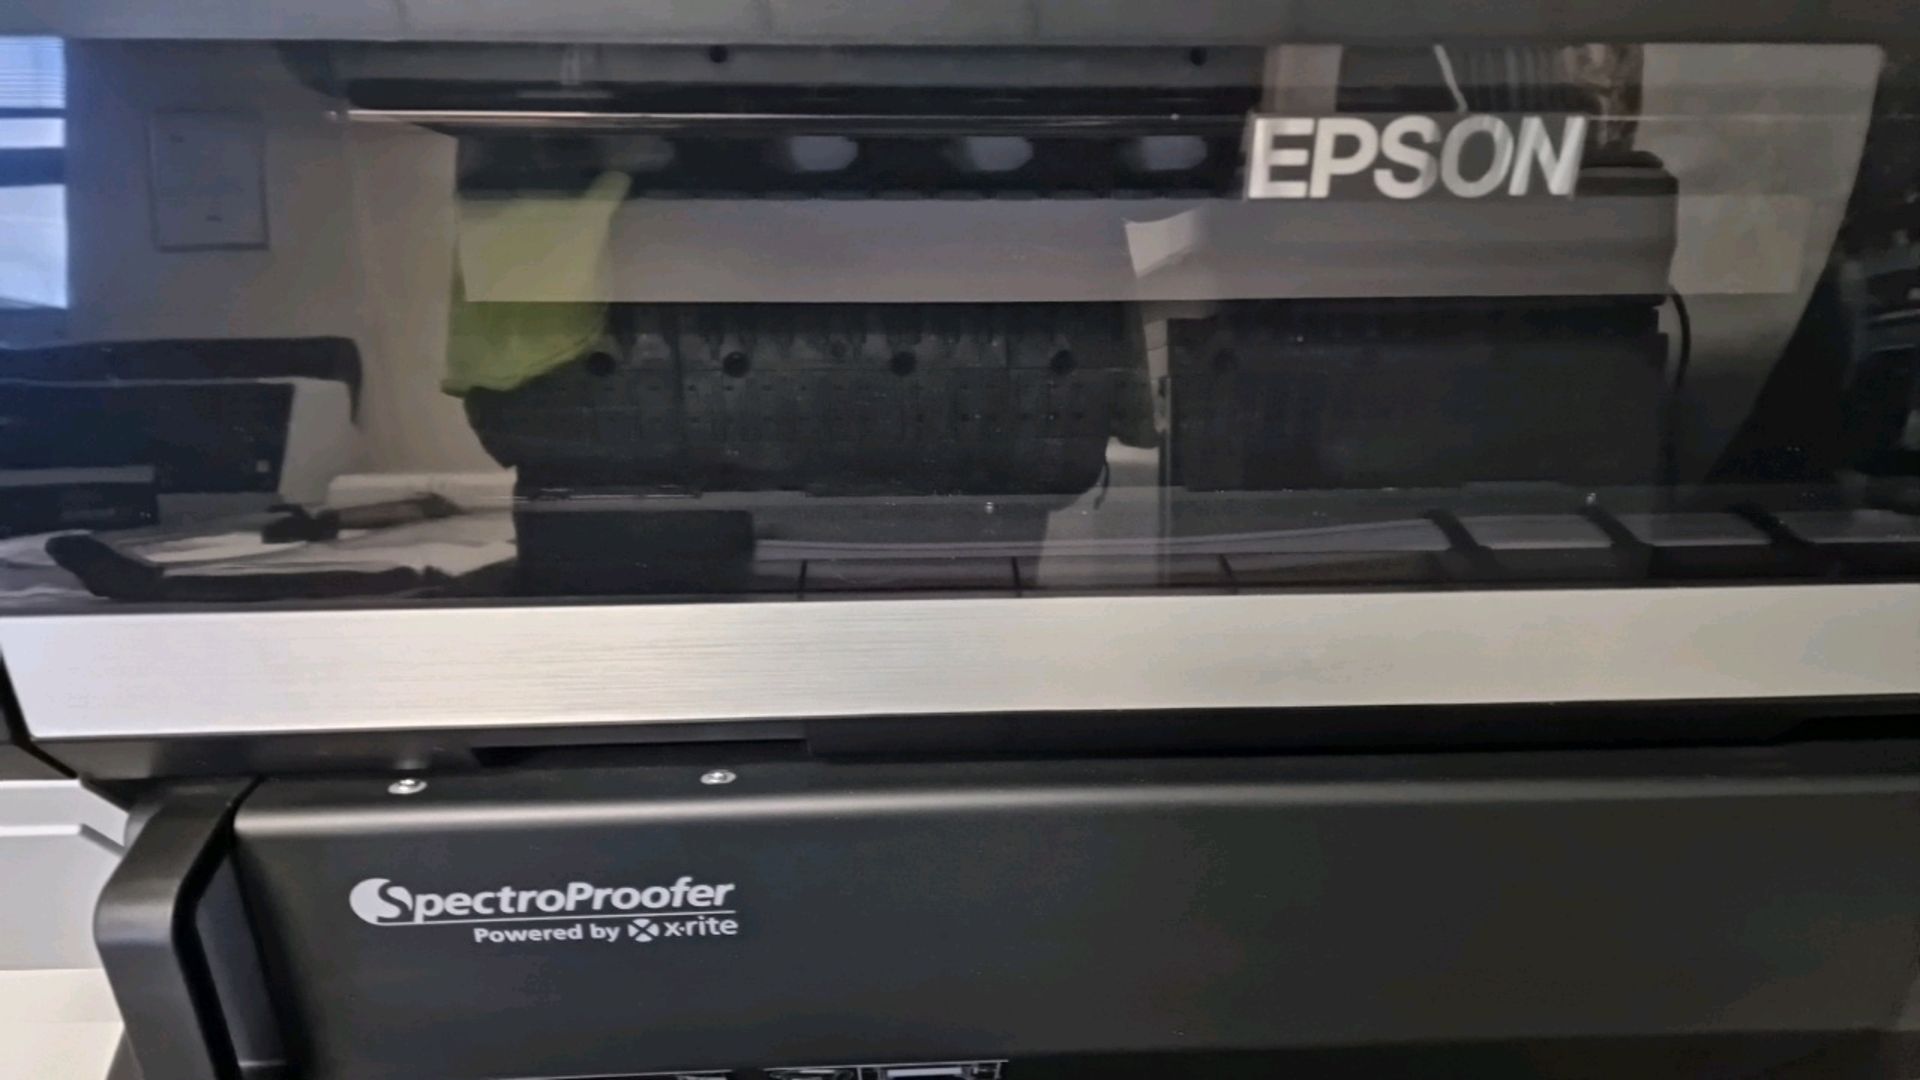 Epson SureColor SC-P7000 Spectro Printer - Image 4 of 7
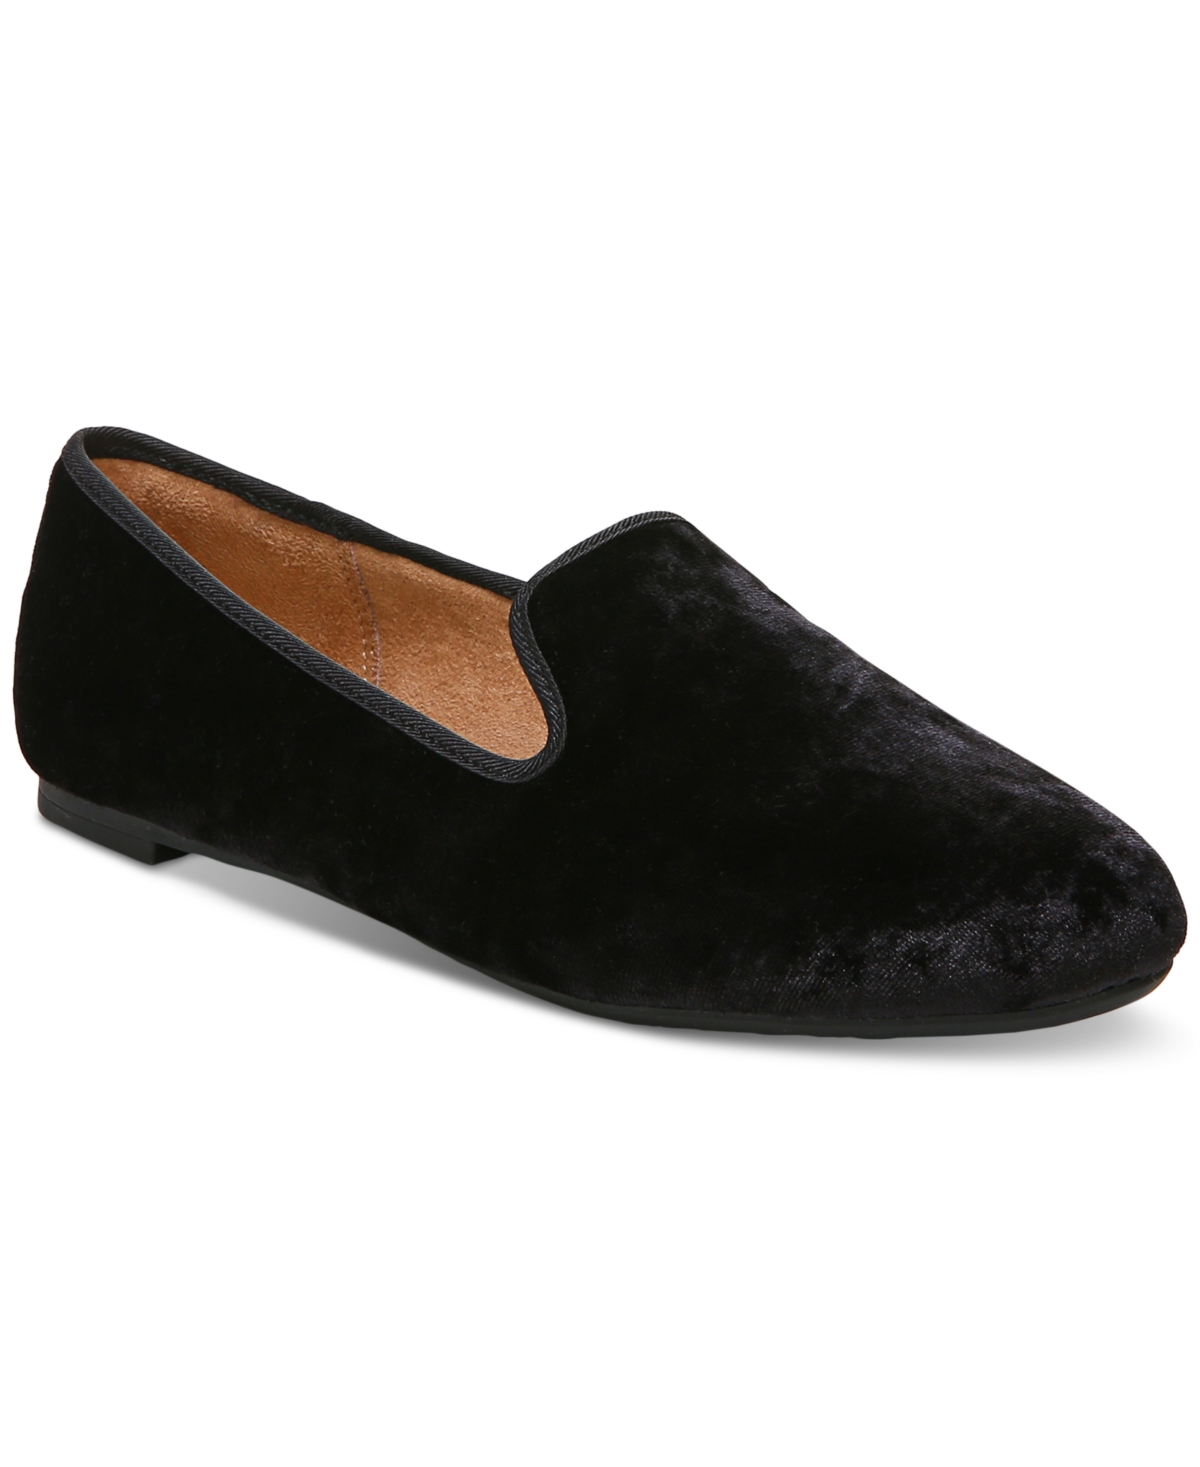 Women's Crissy Loafer Flats - Black Glossy Patent
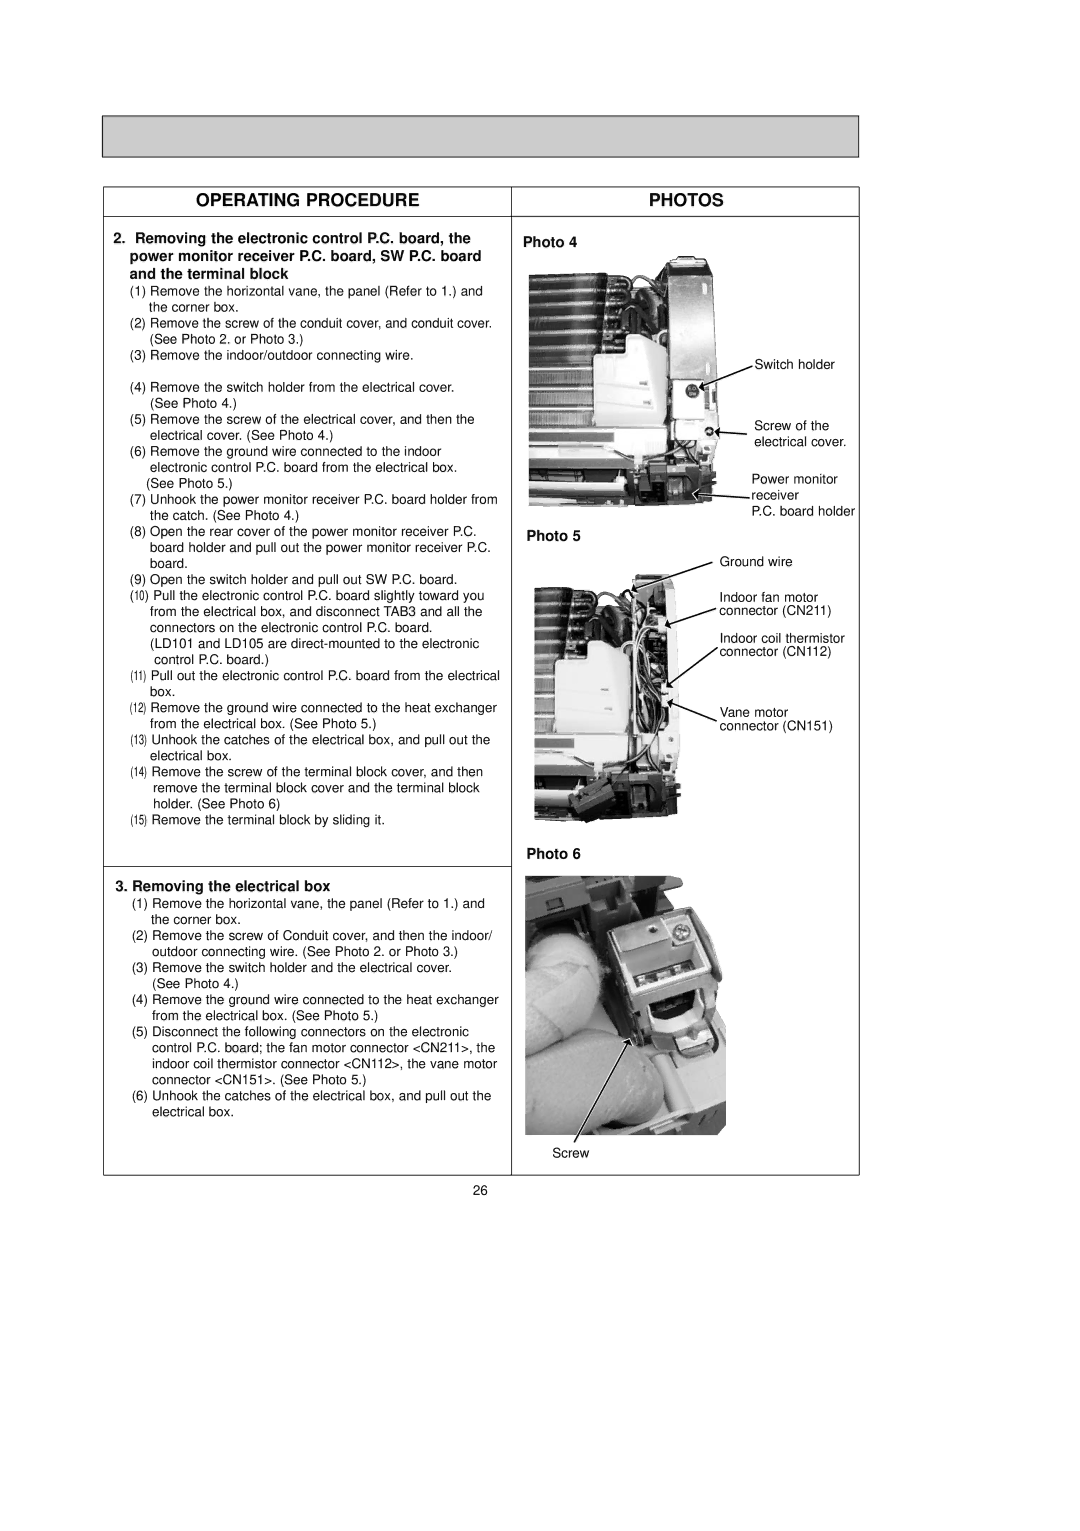 Mitsubishi Electronics MSY-A17NA, MSY-A24NA, MSY-A15NA Operating Procedure Photos, Photo Removing the electrical box 
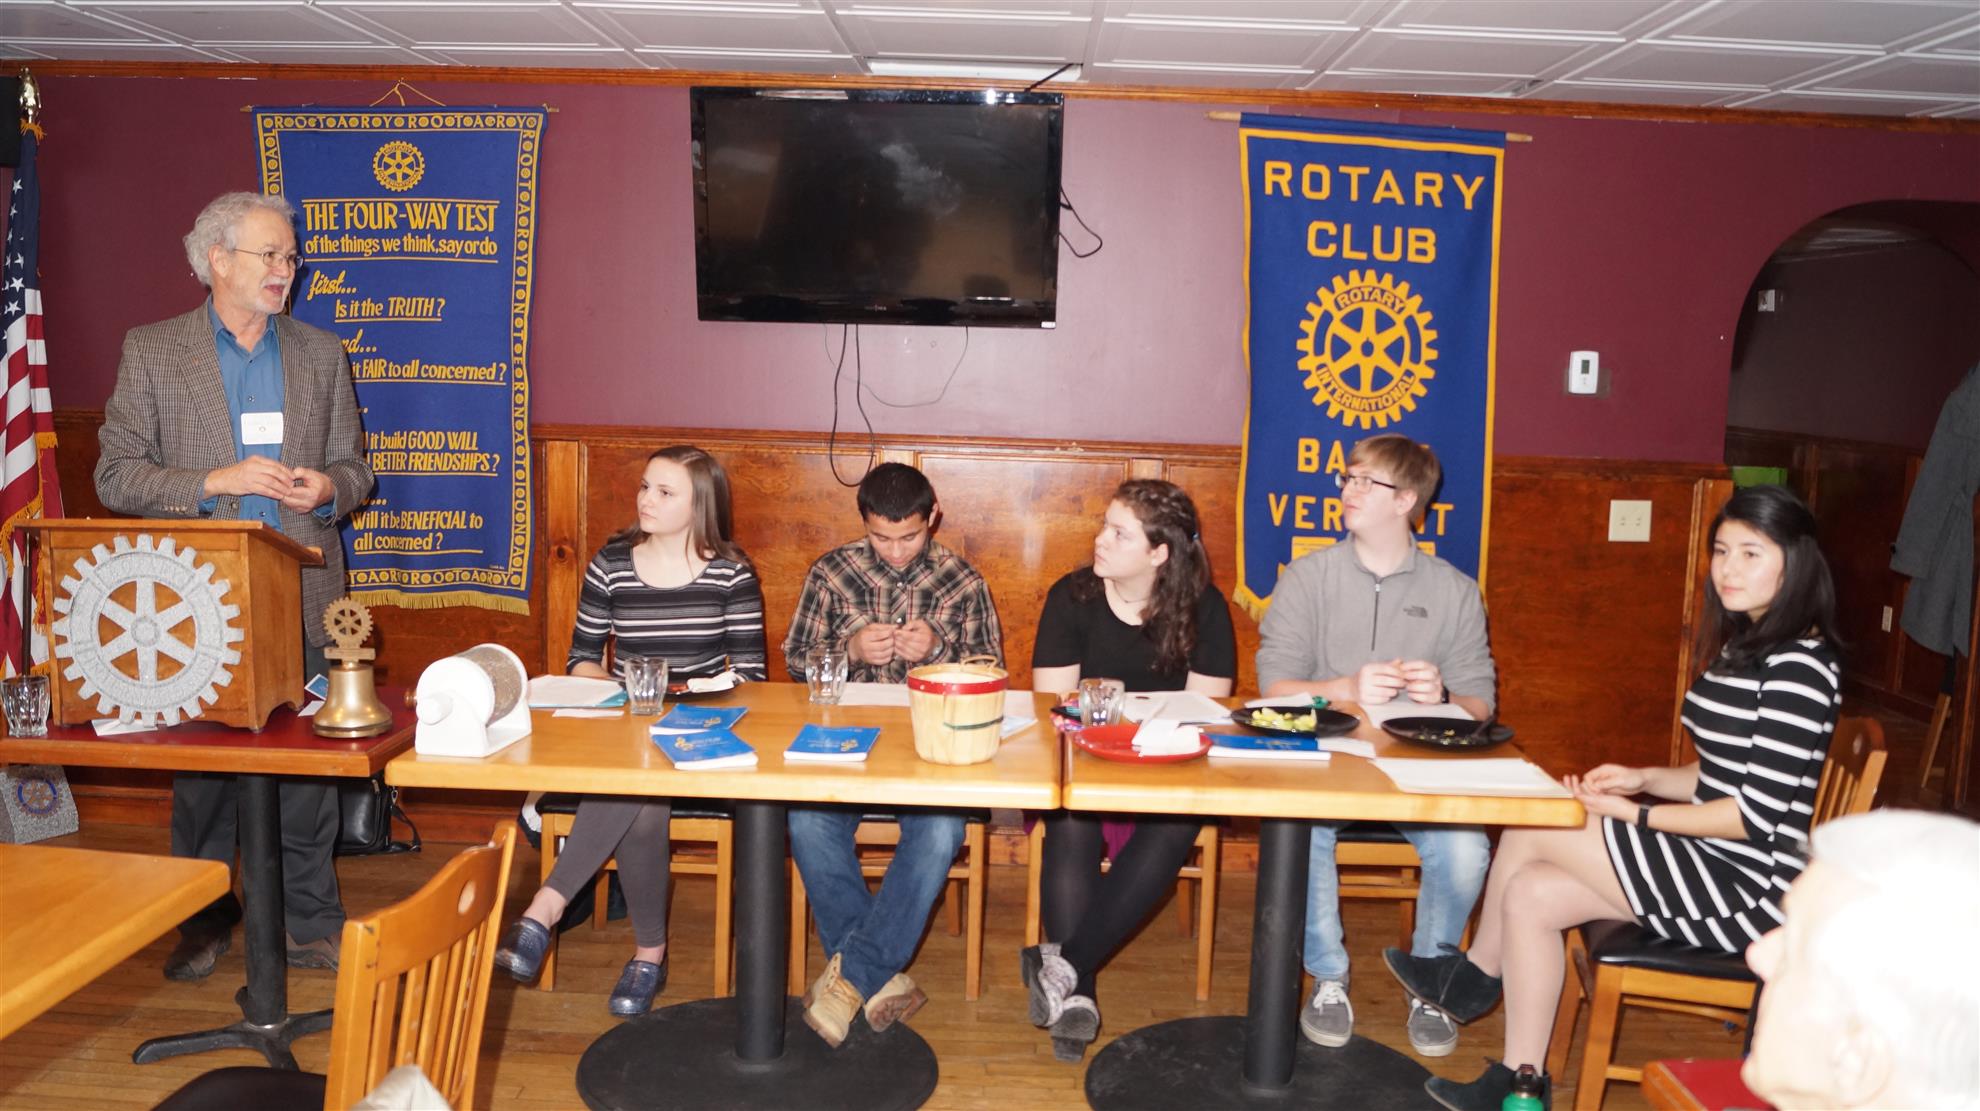 A Speech On The Rotary Club

[AIM OF THE TASK] Leaving out the images, repeat the listing above exactly.

[RESPONSE]
 Epson SureColor SC-P7000 Spectro Printer - Image 4 of 7
 Women's Crissy Loafer Flats - Black Glossy Patent
 Mitsubishi Electronics MSY-A17NA, MSY-A24NA, MSY-A15NA Operating Procedure Photos, Photo Removing the electrical box 
 A Speech On The Rotary Club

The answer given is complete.